ABOUT THIS EXERCISE:
In the entries that follow, the first line to write out is the one containing "Becky and John's", and the last is the one containing "Pancakes – ein". Reproduce that stretch exactly, with nothing before or after it.

GIVEN RECORDS:
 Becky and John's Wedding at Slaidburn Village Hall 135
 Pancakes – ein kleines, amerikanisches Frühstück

---

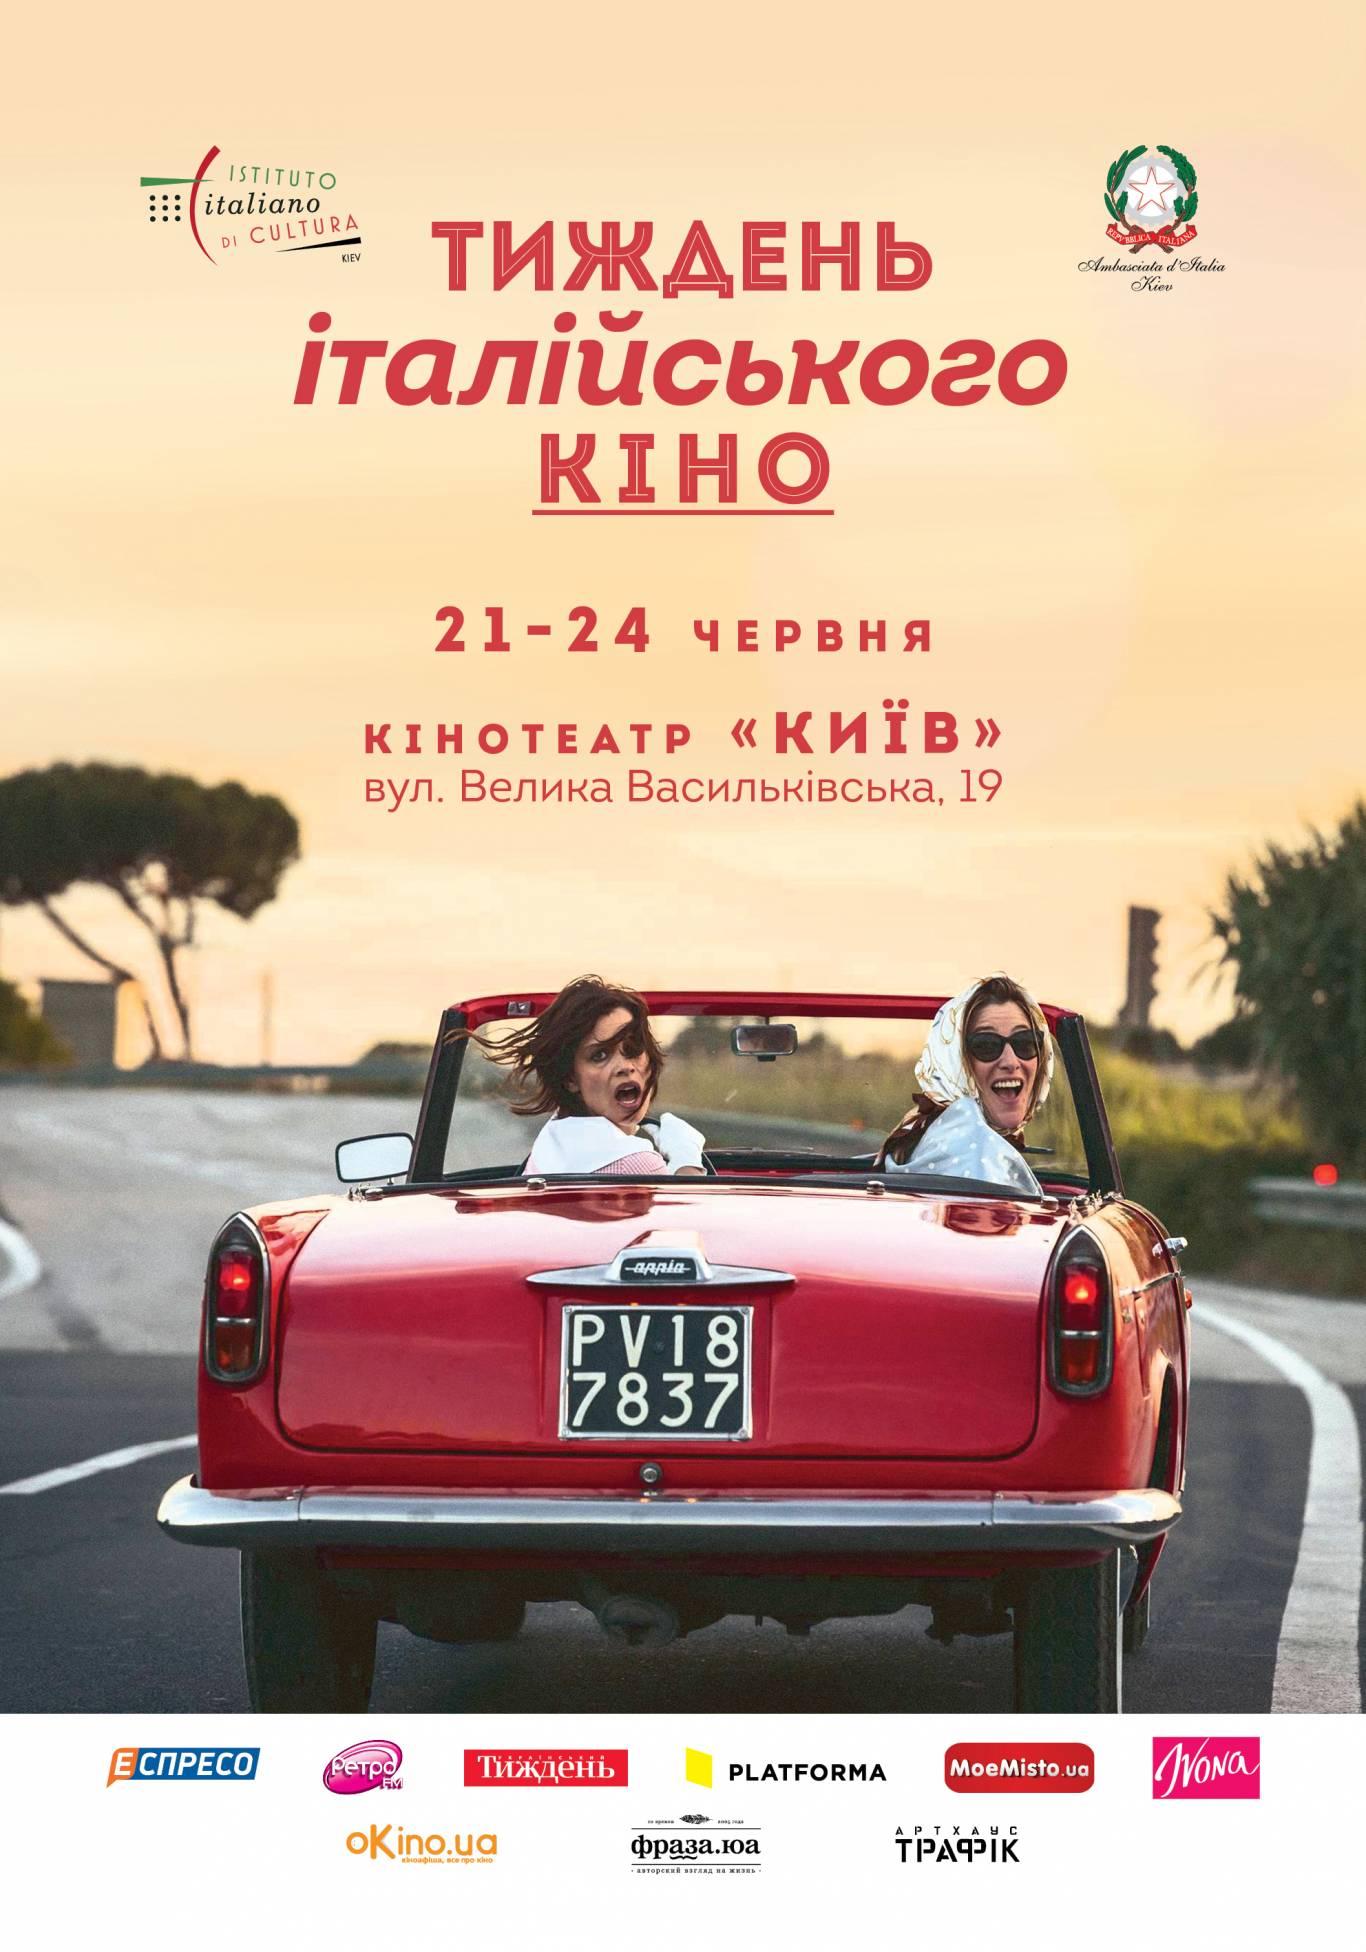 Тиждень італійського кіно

SOLUTION TO THE EXERCISE:
 Becky and John's Wedding at Slaidburn Village Hall 135
 Pancakes – ein kleines, amerikanisches Frühstück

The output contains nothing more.